If you are in a “net pay” pension scheme, your personal contributions are taken from your salary before income tax has been paid. Provided you are earning above the personal allowance of £12,570 per year, after your pension contributions have been deducted, if you are in a net pay scheme, you should receive all of your tax relief automatically.

The other main way to receive tax is relief at source. If your pension scheme operates in this way, you pay contributions from your taxed salary, and you will receive basic-rate tax relief automatically, regardless of your income tax band.

Salary sacrifice

Some employers, including yours, may also offer to pay pension contributions on your behalf via “salary sacrifice” (on top of their normal contributions). This involves giving up a portion of your salary, with your employer instead paying you a “non-cash benefit” – in this case, pension contributions.

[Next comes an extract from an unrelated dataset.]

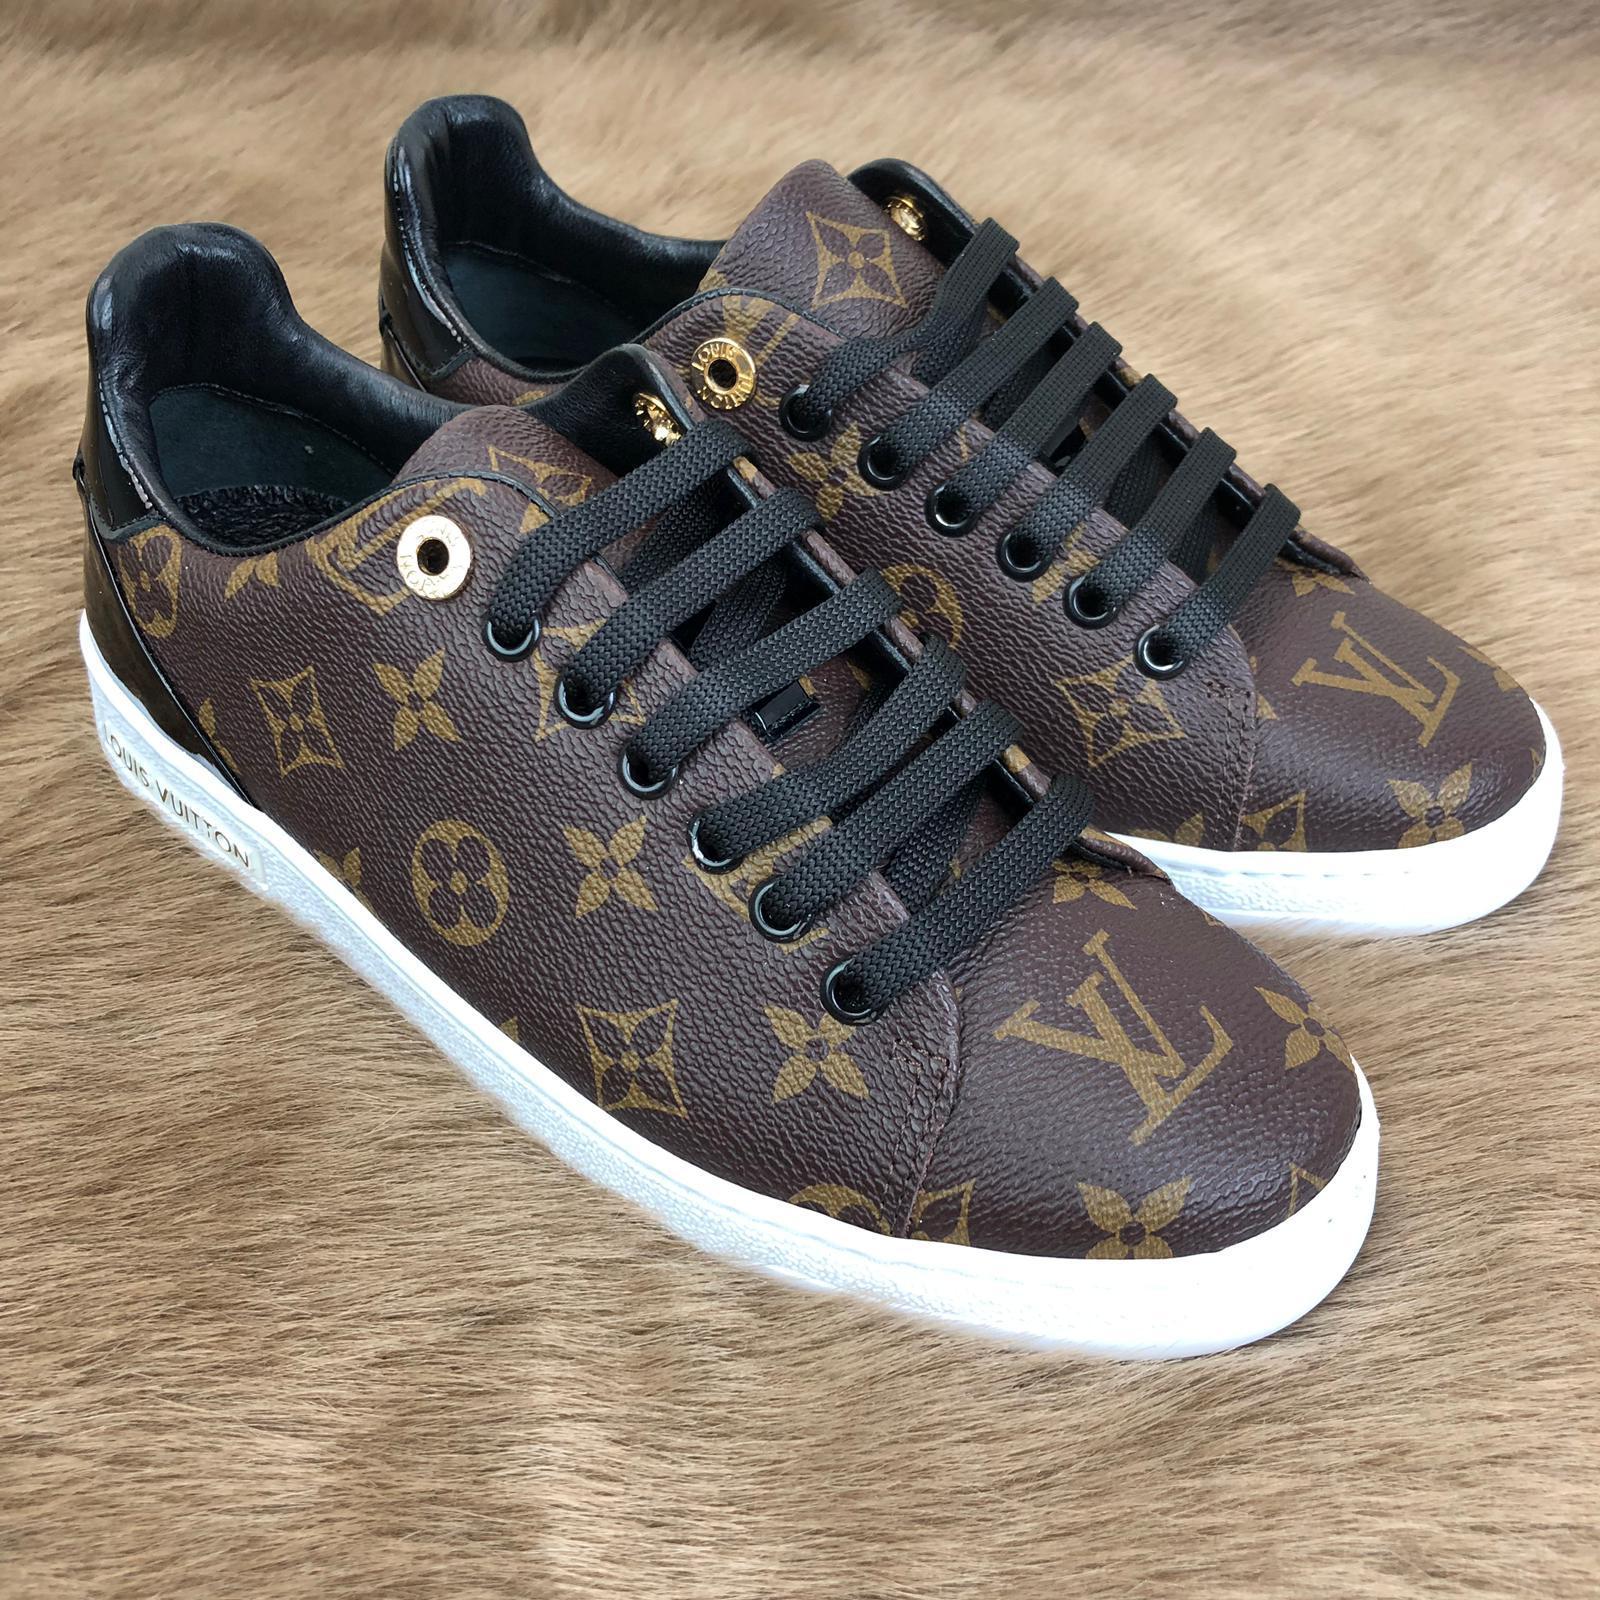 front row sneakers louis vuitton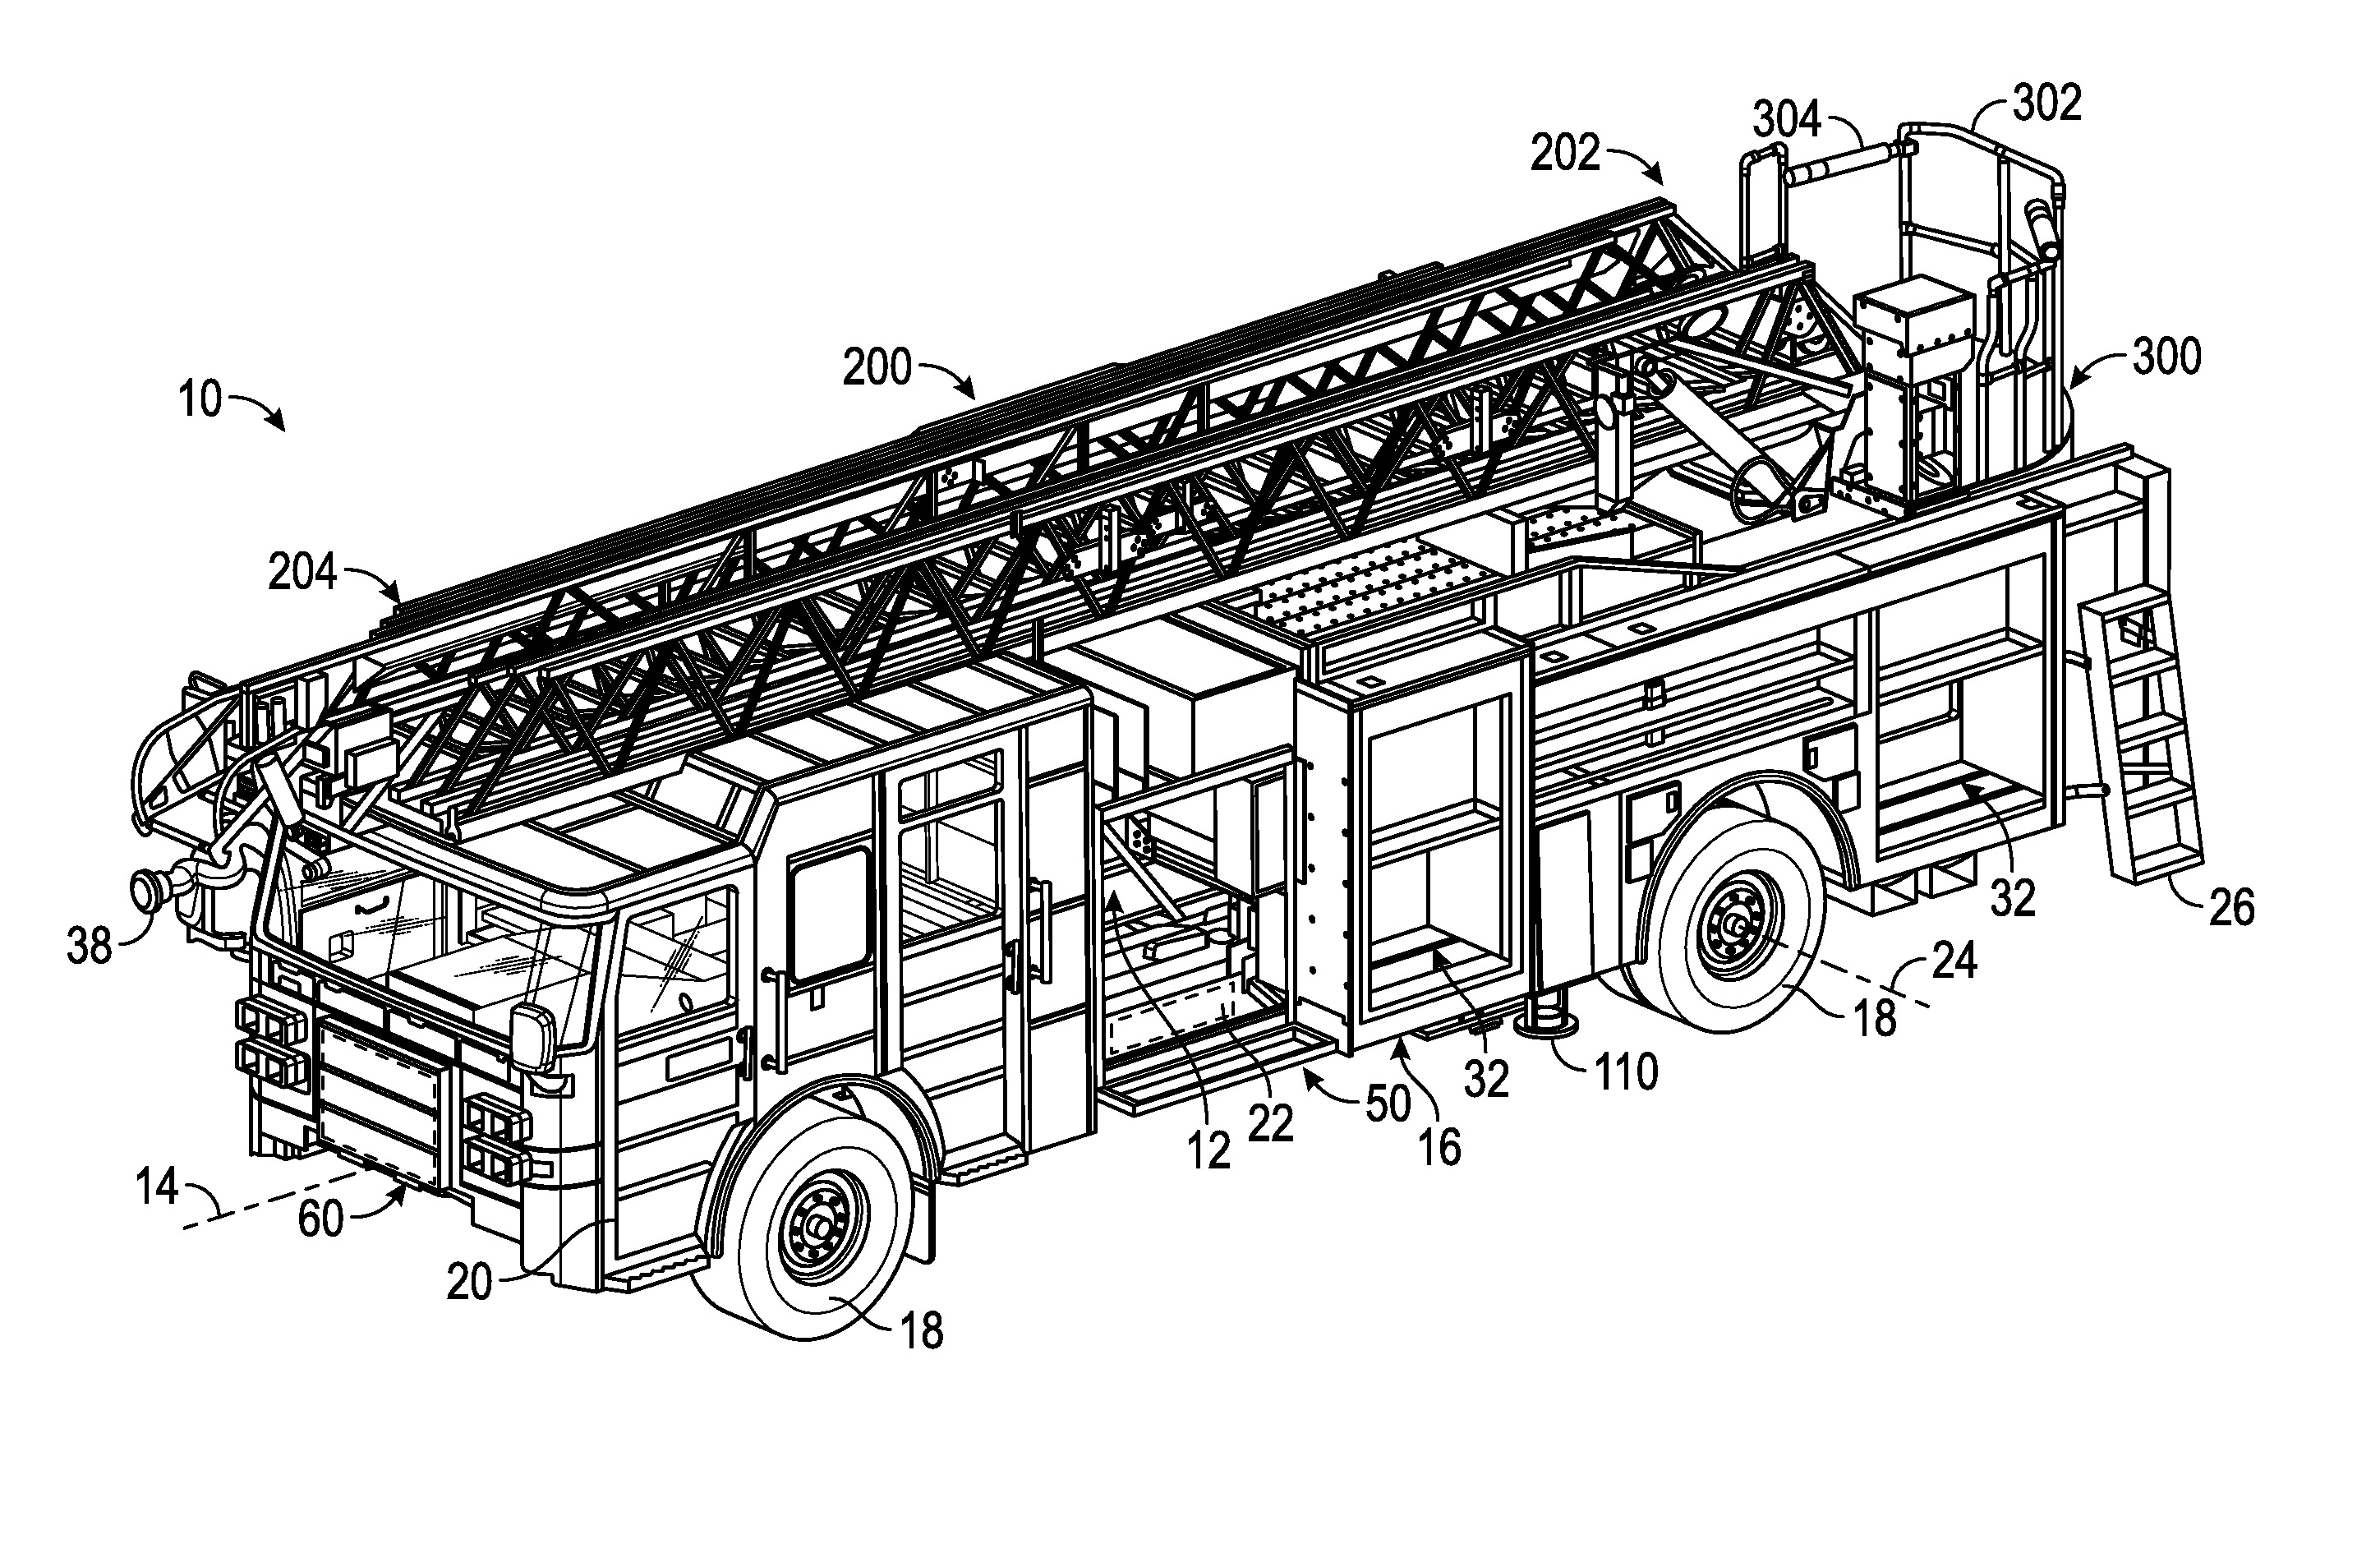 Pedestal and torque box assembly for a fire apparatus

One thing to bear in mind when considering salary sacrifice is the impact it might have if you are made redundant. As your salary will be reduced, it is possible your redundancy entitlement will be reduced too. Taking a lower salary could also affect things like maternity and paternity pay, mortgage applications and some state allowances.

As with most tax benefits, there will inevitably be rumour and speculation ahead of the Budget, but if there are any changes, these should only affect future contributions to salary sacrifice arrangements.

Any reform along these lines would also likely face significant pushback from employers who have already had to deal with rising costs following the hike in employer NI rates.